■ Work required
Without any of its pictures, the listing below should be output exactly.

The data Start Marker

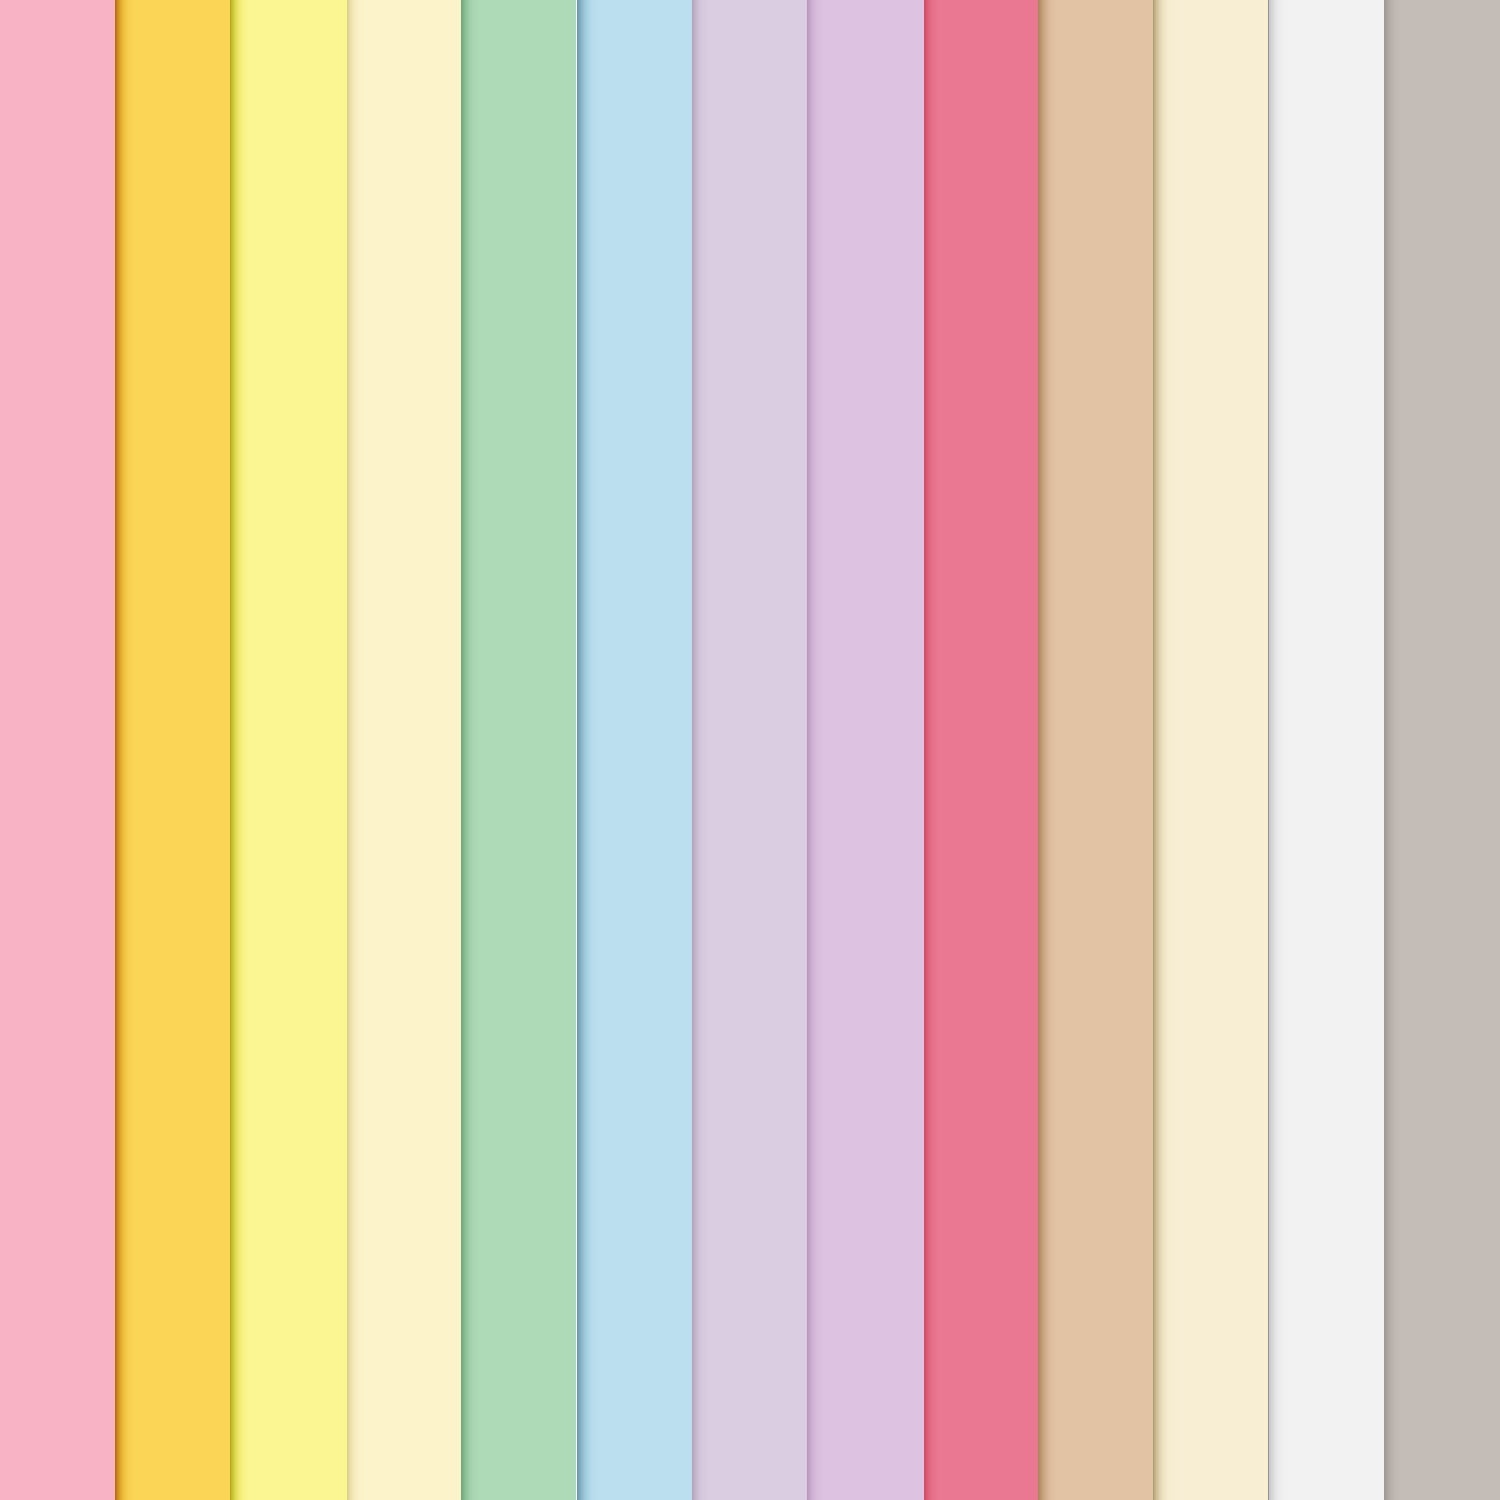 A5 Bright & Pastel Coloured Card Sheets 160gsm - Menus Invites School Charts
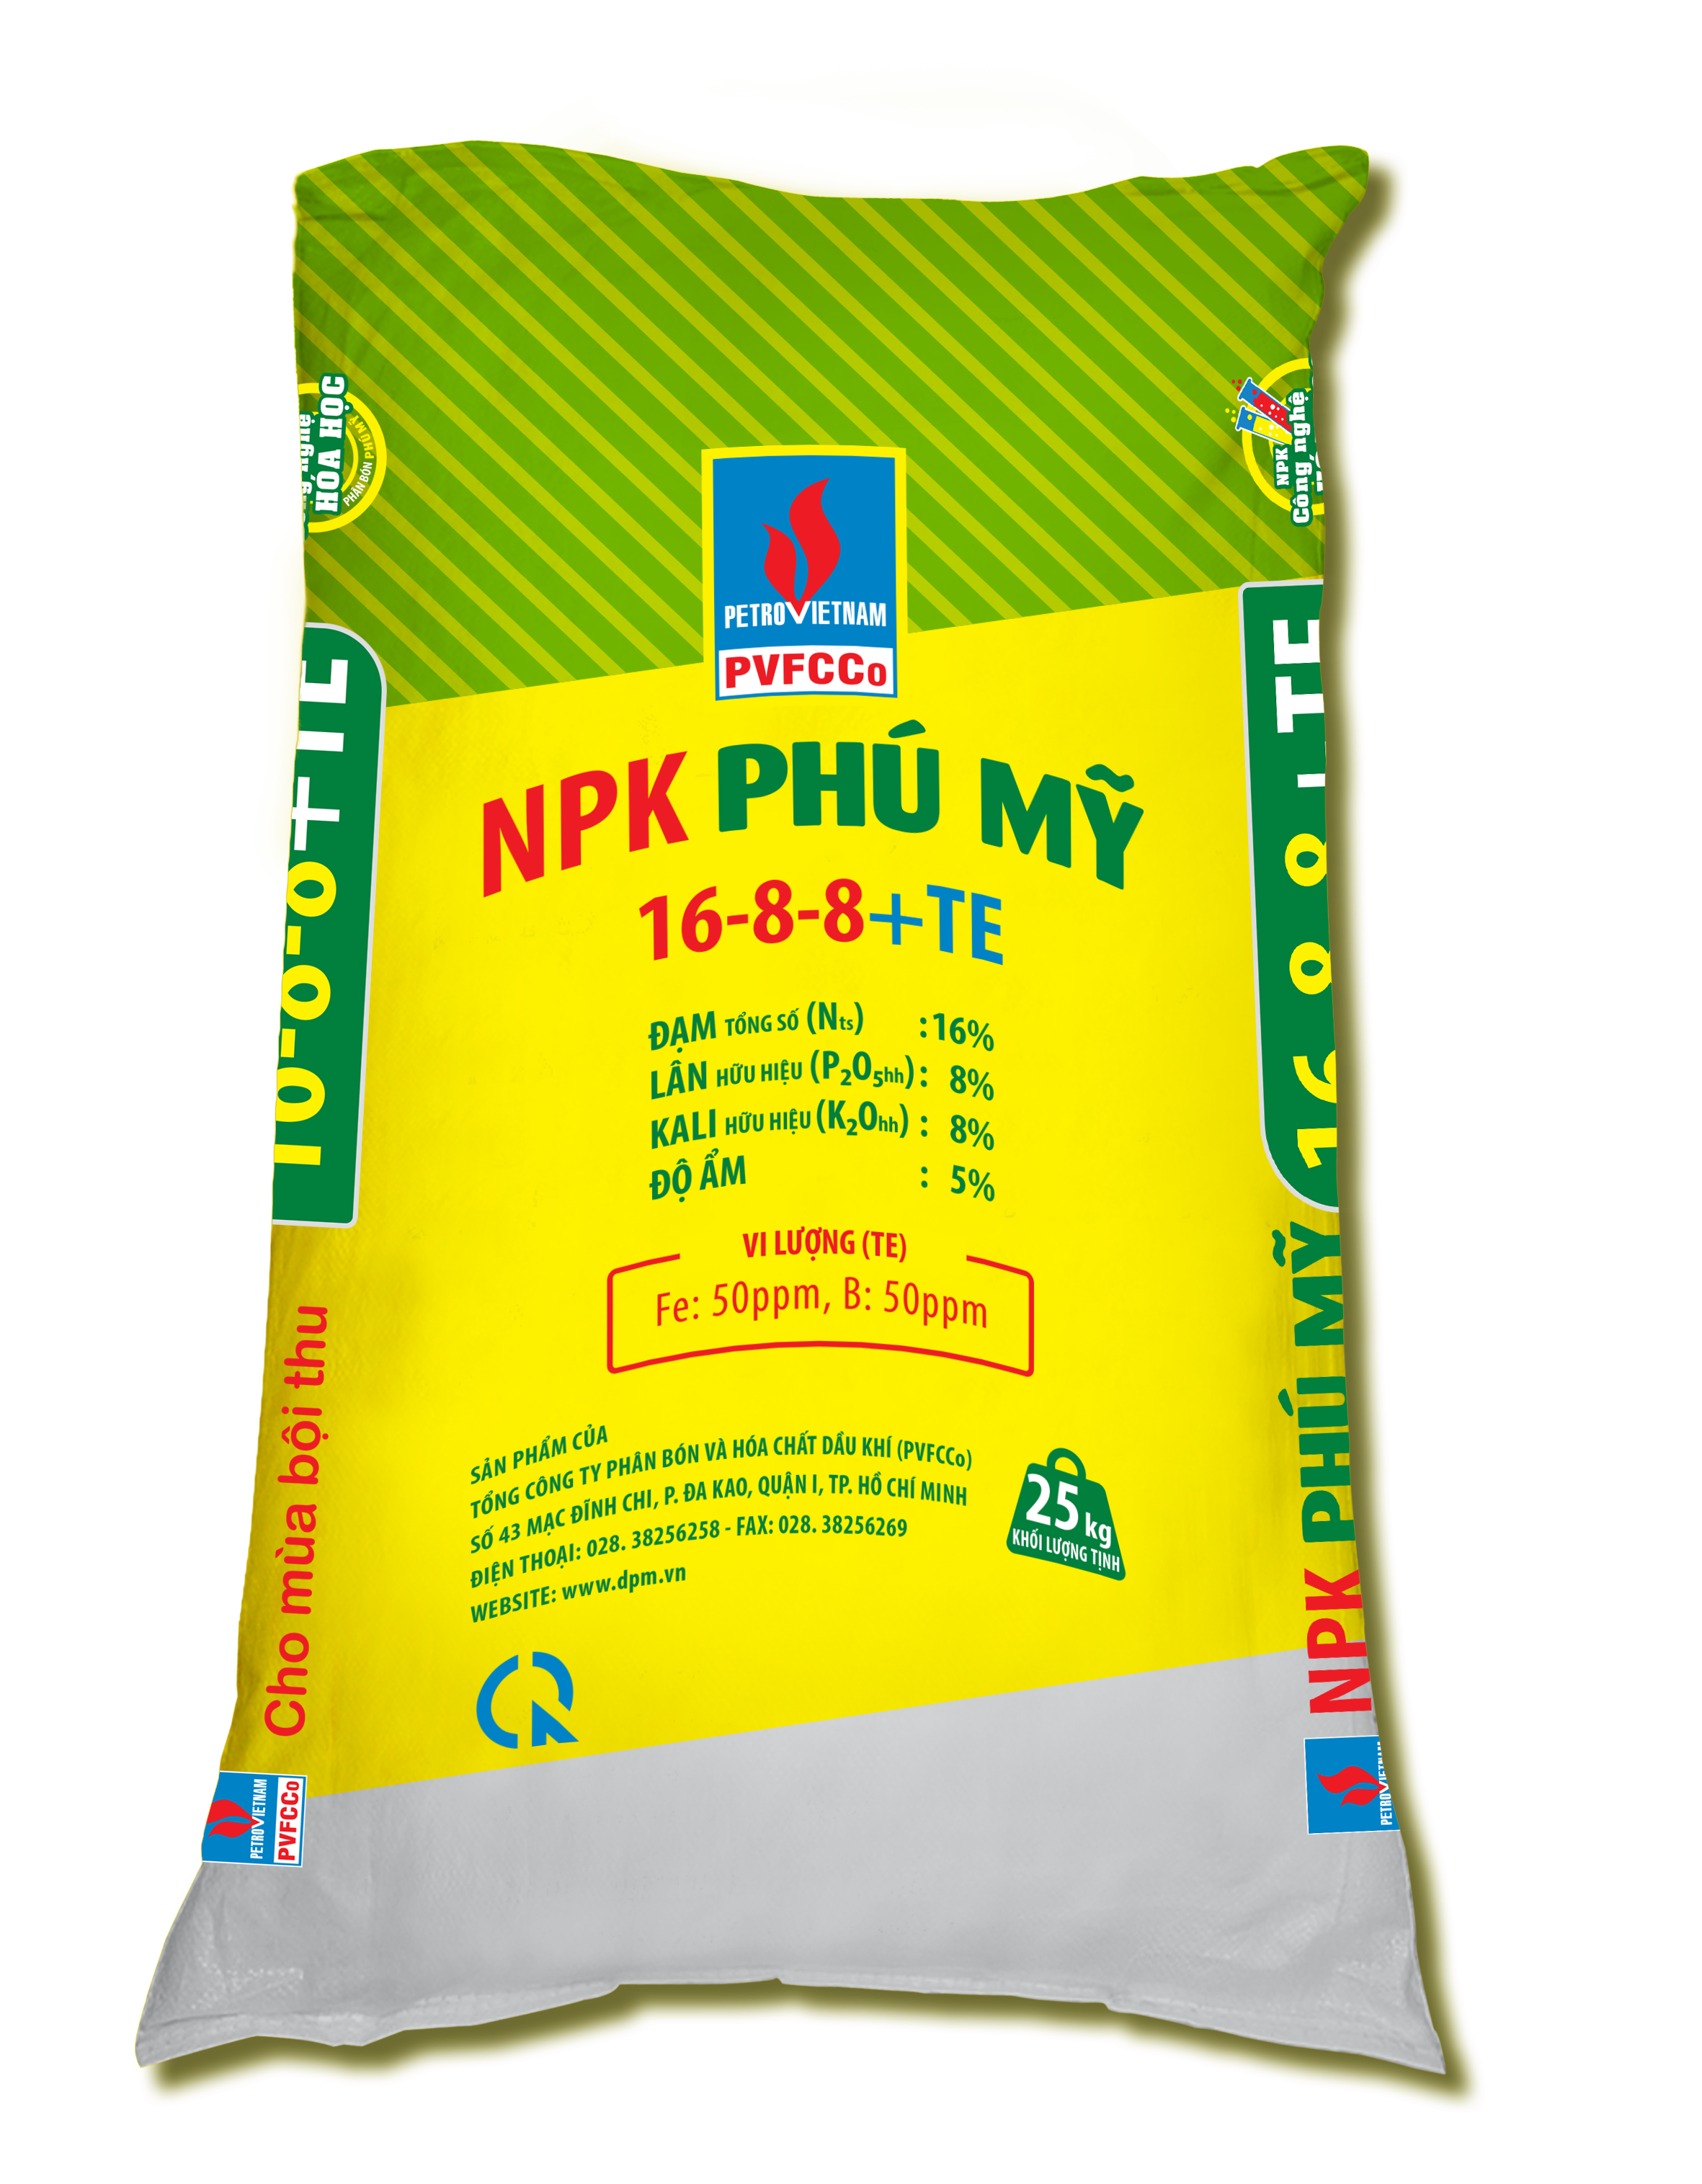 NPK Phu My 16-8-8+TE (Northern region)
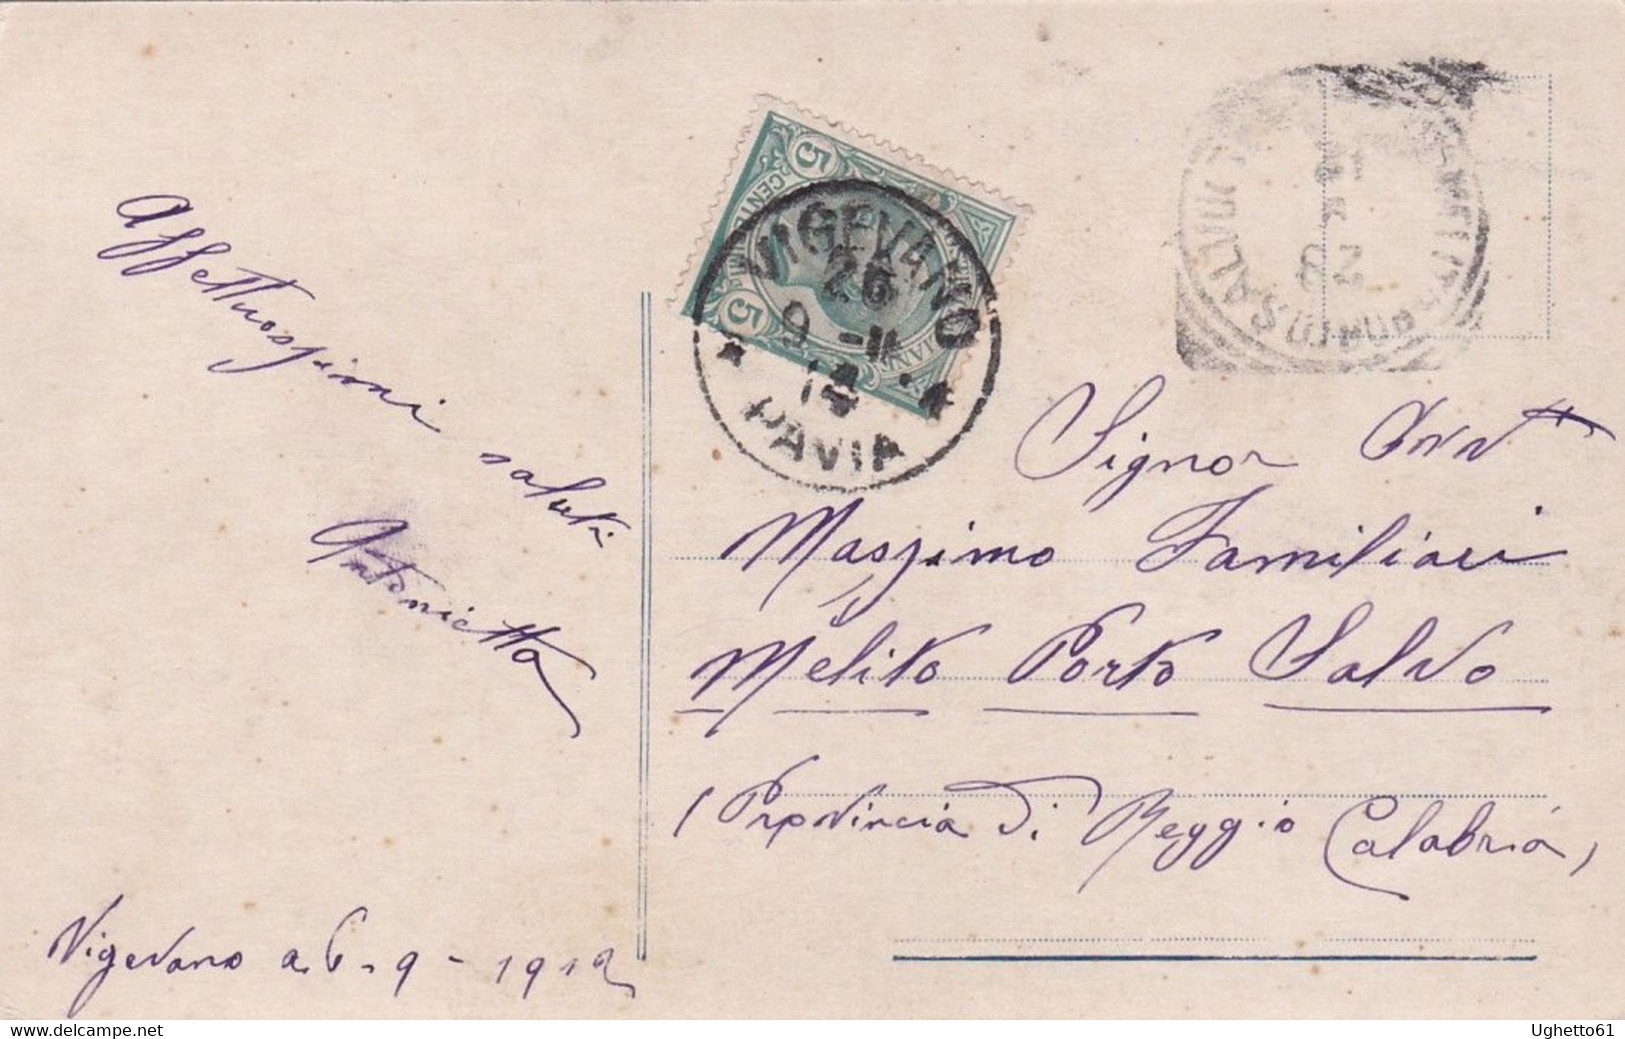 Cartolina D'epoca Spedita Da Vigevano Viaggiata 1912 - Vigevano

The data End Marker

■ Your response
 A5 Bright & Pastel Coloured Card Sheets 160gsm - Menus Invites School Charts
 NPK Phu My 16-8-8+TE (Northern region)
 Cartolina D'epoca Spedita Da Vigevano Viaggiata 1912 - Vigevano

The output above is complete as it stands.